RECORDED DATA
****************************************

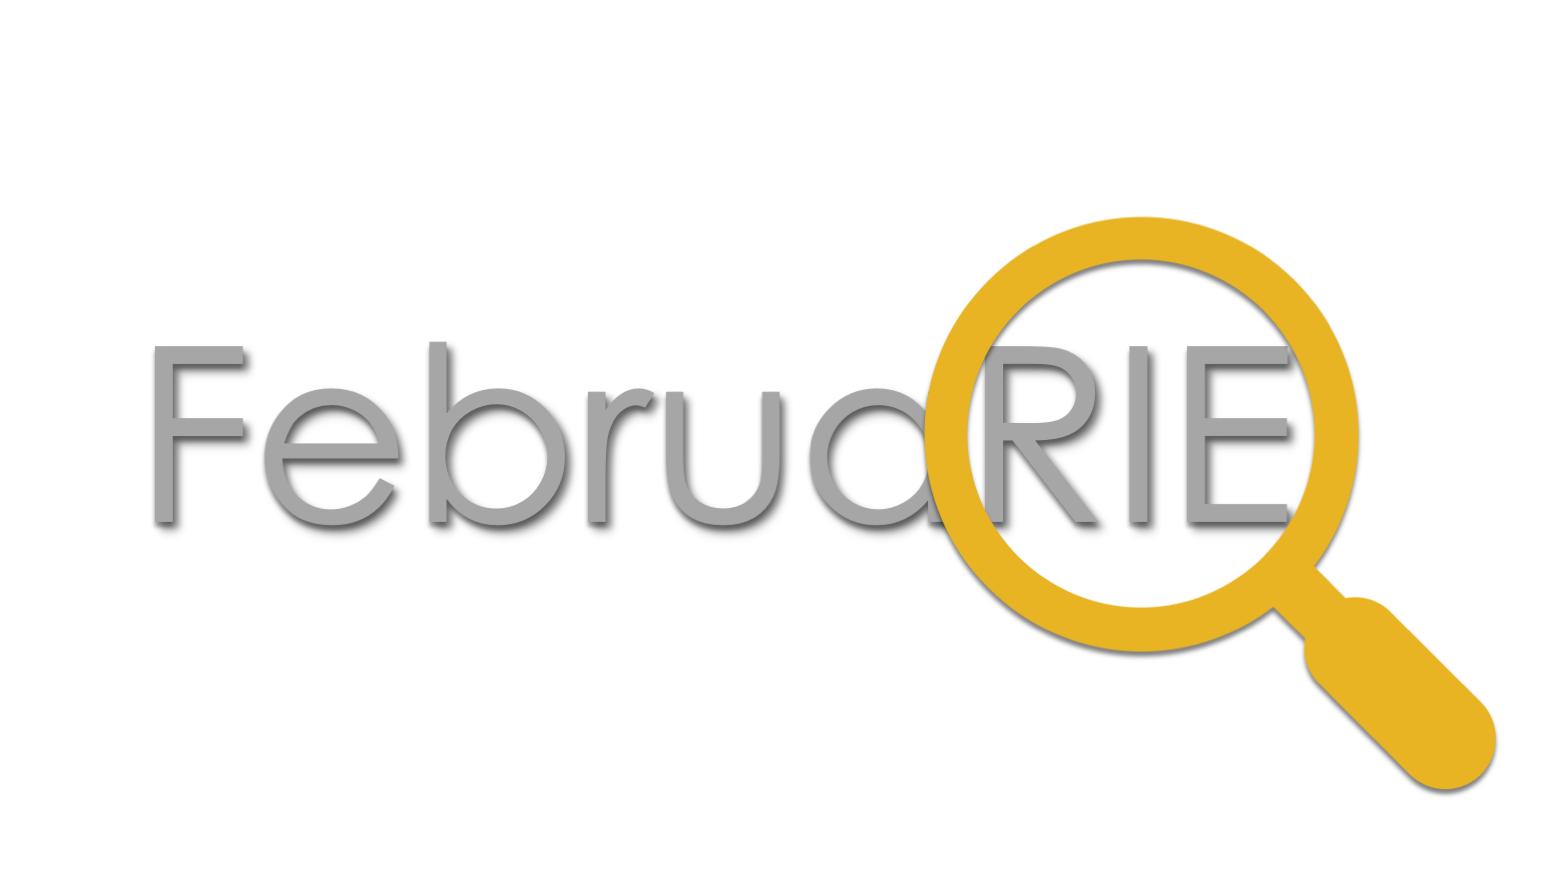 Februari FebruaRIE 15 % Korting op de RI&E
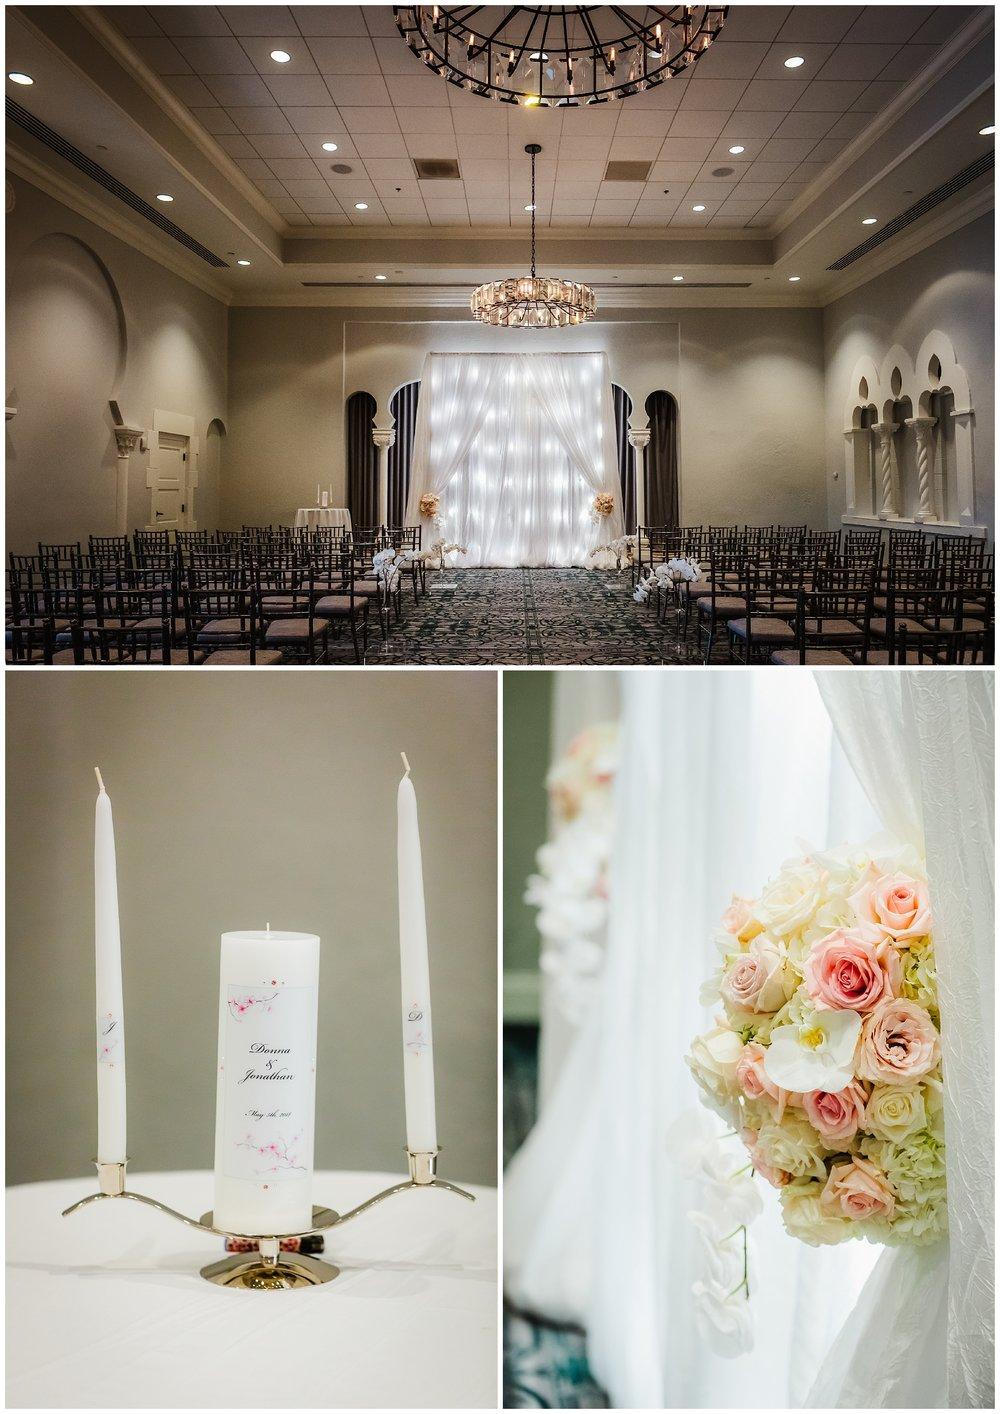 vinoy-sunset-ballroom-rainy-day-wedding-photography-orchids-trinidad-flawless-fetes-ashlee-hamon_0120.jpg
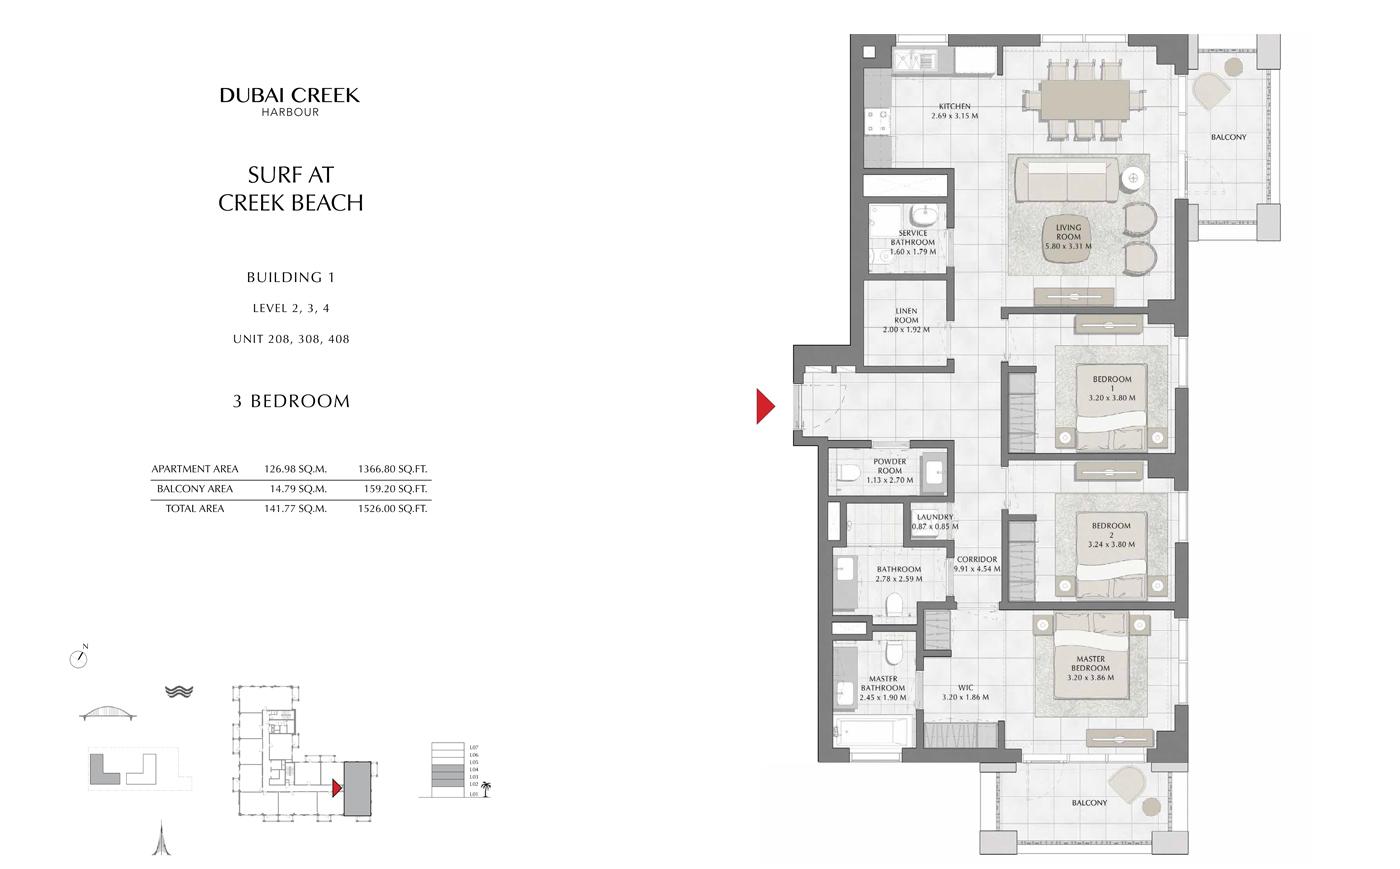 Building 1, 3 Bedroom, Level 2, 3, 4, Size 1526 Sq Ft

****************************************

Give the listing above again word for word, without its pictures.

 Februari FebruaRIE 15 % Korting op de RI&E
 vinoy-sunset-ballroom-rainy-day-wedding-photography-orchids-trinidad-flawless-fetes-ashlee-hamon_0120.jpg
 Building 1, 3 Bedroom, Level 2, 3, 4, Size 1526 Sq Ft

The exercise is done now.